About three years ago, I got an unexpected email from Shell Oil – in particular, their chief architect for the “business of IT,” one Karel van Zeeland. Some of you may recall that was a role I played for Wells Fargo for some time. The conversation went like this:
“Charlie, we have your book and use it at Shell. With HP, we have formed a consortium to define a new standard in this area. Would you be interested in joining?”
In short, the answer was yes, and it’s been a whirlwind of effort ever since. As culmination, I was in Edinburgh, Scotland last October for the official launch of the IT4IT standard by The Open Group. And in followup, I attended the HDI/IT Service Management Fusion conference in New Orleans a couple weeks later, where the Open Group booth had a constant flow of traffic.

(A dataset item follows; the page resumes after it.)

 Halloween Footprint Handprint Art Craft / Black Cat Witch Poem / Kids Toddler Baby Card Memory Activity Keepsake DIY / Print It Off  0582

As I watched Mary Jarrett of Shell’s keynote on the IT4IT journey, I reflected that in some ways, this was the culmination of a journey I started with my erp4it.com blog, 12 years ago last fall.

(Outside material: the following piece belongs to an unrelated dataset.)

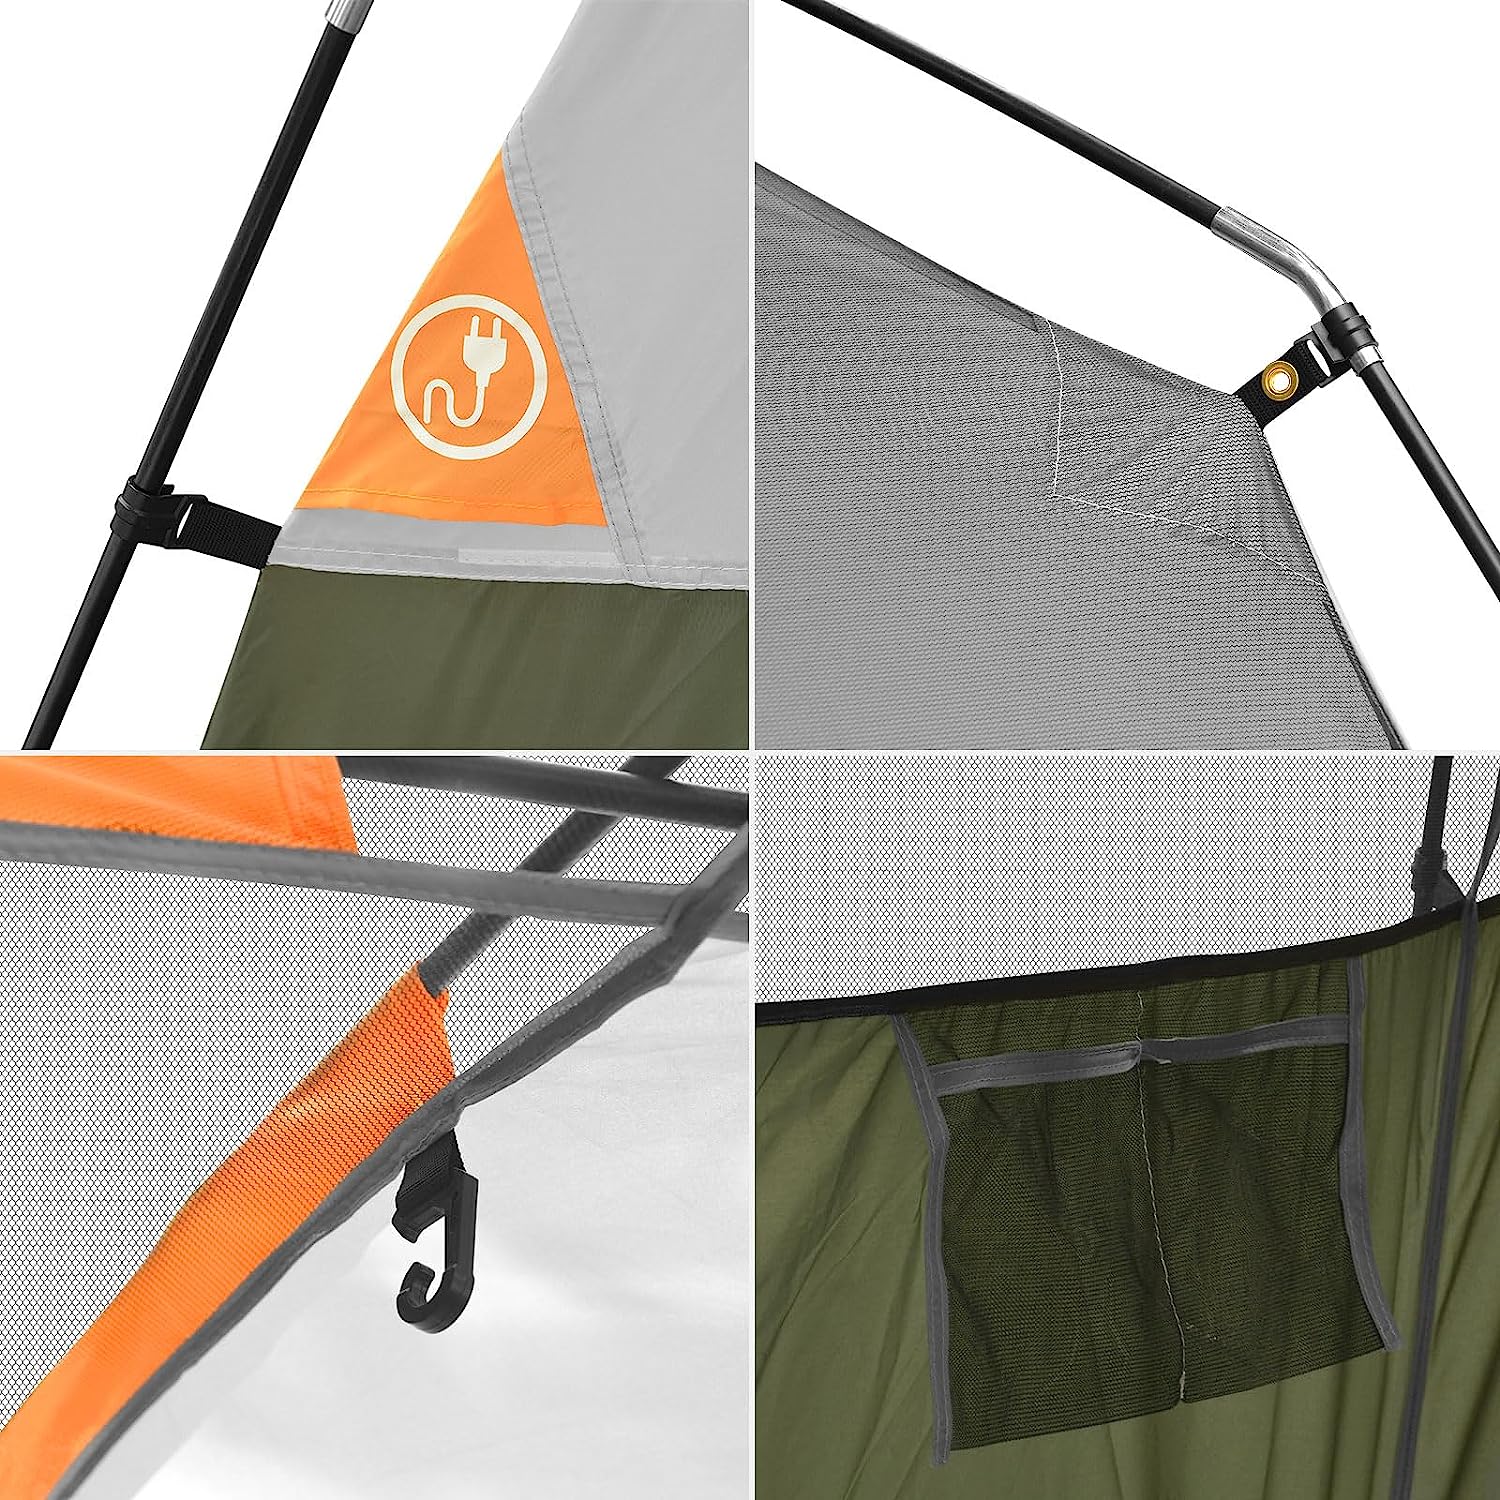 Campros Dome Tent Details

I had begun with an initial interest in “ERP for IT.” However, it had never been about ERP systems; rather, it started off questioning the lack of such systems for the domain of large-scale IT management. In other words, why was IT the barefoot cobbler’s child in automating itself?

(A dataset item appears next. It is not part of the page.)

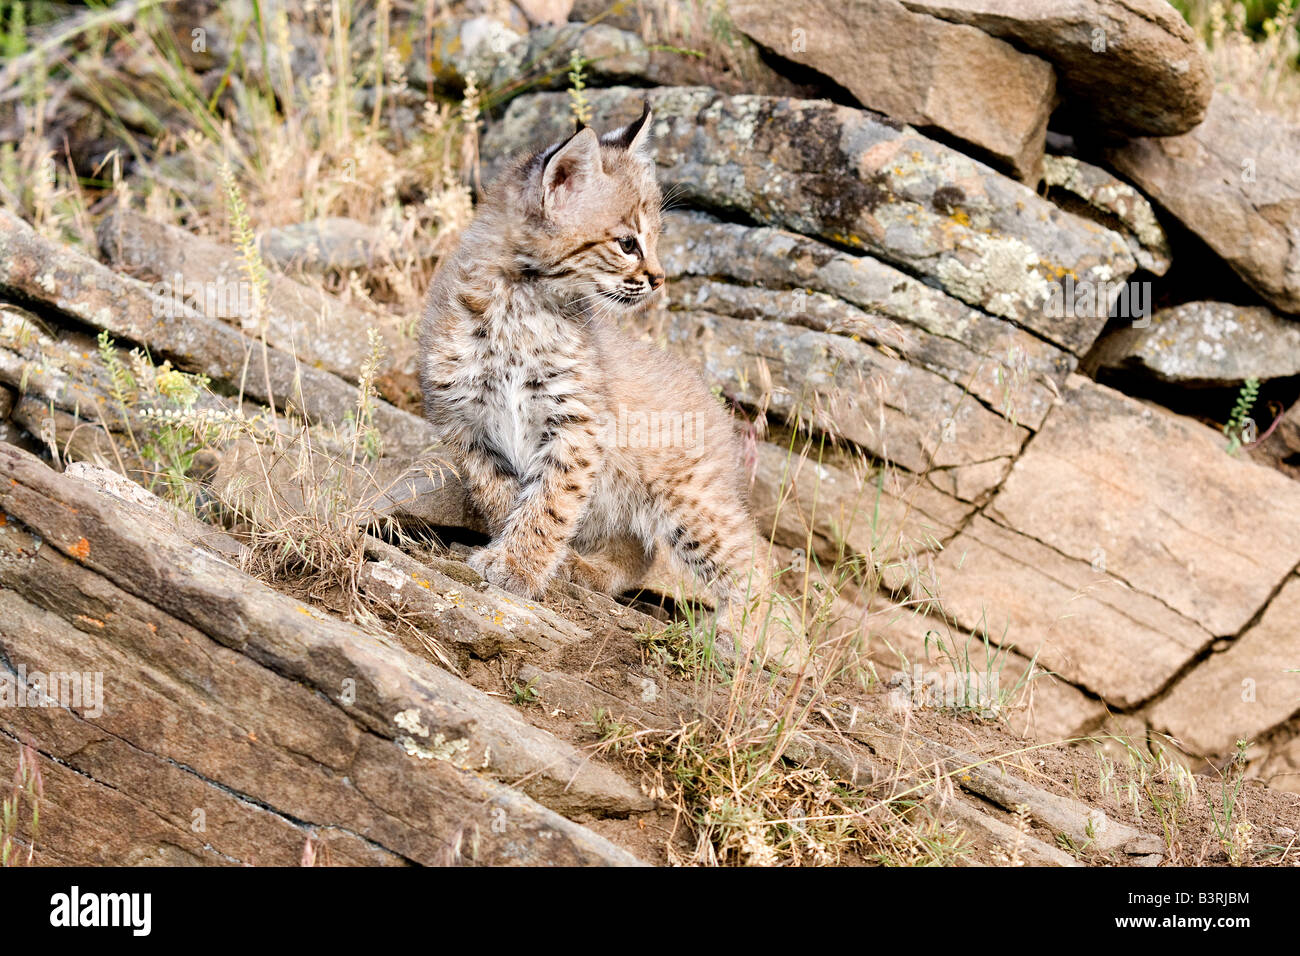 Bobcat kitten on a rocky ledge. Stock Photo

There’s been a lot of water under the bridge since then, and as I deepened my understanding of the problems, I rebranded the blog as lean4it. But the premise continues: IT remains under-managed relative to peer functions, relying on emails, texts, spreadsheets, word of mouth, and gut feel, as opposed to data-driven systems.
And solving IT management problems has never been more pressing. Why? Two words:
Digital transformation.
Digital technology increasingly pervades all that we experience, perceive, and consume. As recently observed by the New York Times, even farming is undergoing pervasive digital transformation. No industry is immune: digitally adapt or die.
And as the digital economy accelerates, so does the need for more effective, coherent, and integrated management of digital technology. The largest enterprise IT organizations have annual budgets now approaching $10 billion, massive amounts of economic activity representing decades of accumulated IT systems and operations. And a spotlight is now shining on this legacy, representing the urgent digital transformation expectations of stakeholders.
Why IT4IT?
What is IT4IT? Simply put, it is an operating model for the “business of IT.”
Why do we need it? There has been much IT management guidance, but there are a number of gaps and issues:
- Most of what the broader community thinks of as “IT standards” are technical (TCP/IP, HTTP, HTML, etc). IT4IT is not targeting these kinds of concerns. It is a management standard.
- Some of the guidance is specialized, to the point where it encourages silo thinking. But more collaborative, generalizing agile/Lean approaches increasingly dominate IT delivery. This in turn increases focus on enabling the end to end flow of digital functionality, over further optimization of narrow specialties.
- Some of the existing standards are proving slow to adapt to the new realities of digital transformation and Lean IT product development.
- Some of the standards are proprietary. There is reluctance on the part of enterprise IT executives worldwide to align too closely to proprietary guidance.
- None of the existing IT management standards were developed explicitly as a full, multi-view reference architecture.
We need a standard that “covers the IT waterfront” from enterprise architecture to product and project management to IT operations, as a multi-layered, precisely expressed reference model. No other standard is positioned to do this.
Platform Power
What excites me the most about IT4IT is not the name, or the current scope, or even the current specification. What excites me, and what should interest you, is that it is a platform, not just a standard. It is part of an ecosystem, along with its peer standards TOGAF and Archimate, and the Open Certified Architect and Open Certified IT Specialist (OpenCITS) certifications.
It’s significant that The Open Group’s domain ends in .org, not .com. It is a true non-profit, and yet it is a non-profit that has a clear business model and unique assets and capabilities (as all successful non-profits do). These include:
- Formal standards development, including the ability to take standards (if and when appropriate) through the complex International Standards Organization (ISO) processes
- A reputation as a trusted honest broker, who can attract and enable otherwise fiercely competitive parties to fairly—and legally—collaborate in a consortium model. (Current Platinum members: IBM, HP, Oracle, Huawei, CapGemini, and Phillips.)
- Intellectual property management, including capable legal counsel
- Marketing
- Sales
- Conference organizing
- The ability to successfully cultivate a training and consulting ecosystem
and, via Van Haren Publishing, an agile and responsive world-class publishing capability, well regarded throughout the IT management community.
We considered standing up IT4IT as its own standards organization for about five minutes, given the need for ALL the above capabilities. I’m glad we didn’t do anything so foolish. As a Forum of The Open Group, we now have a platform that can bring together the disparate viewpoints of the IT industry. And we did it in a surprisingly short period of time.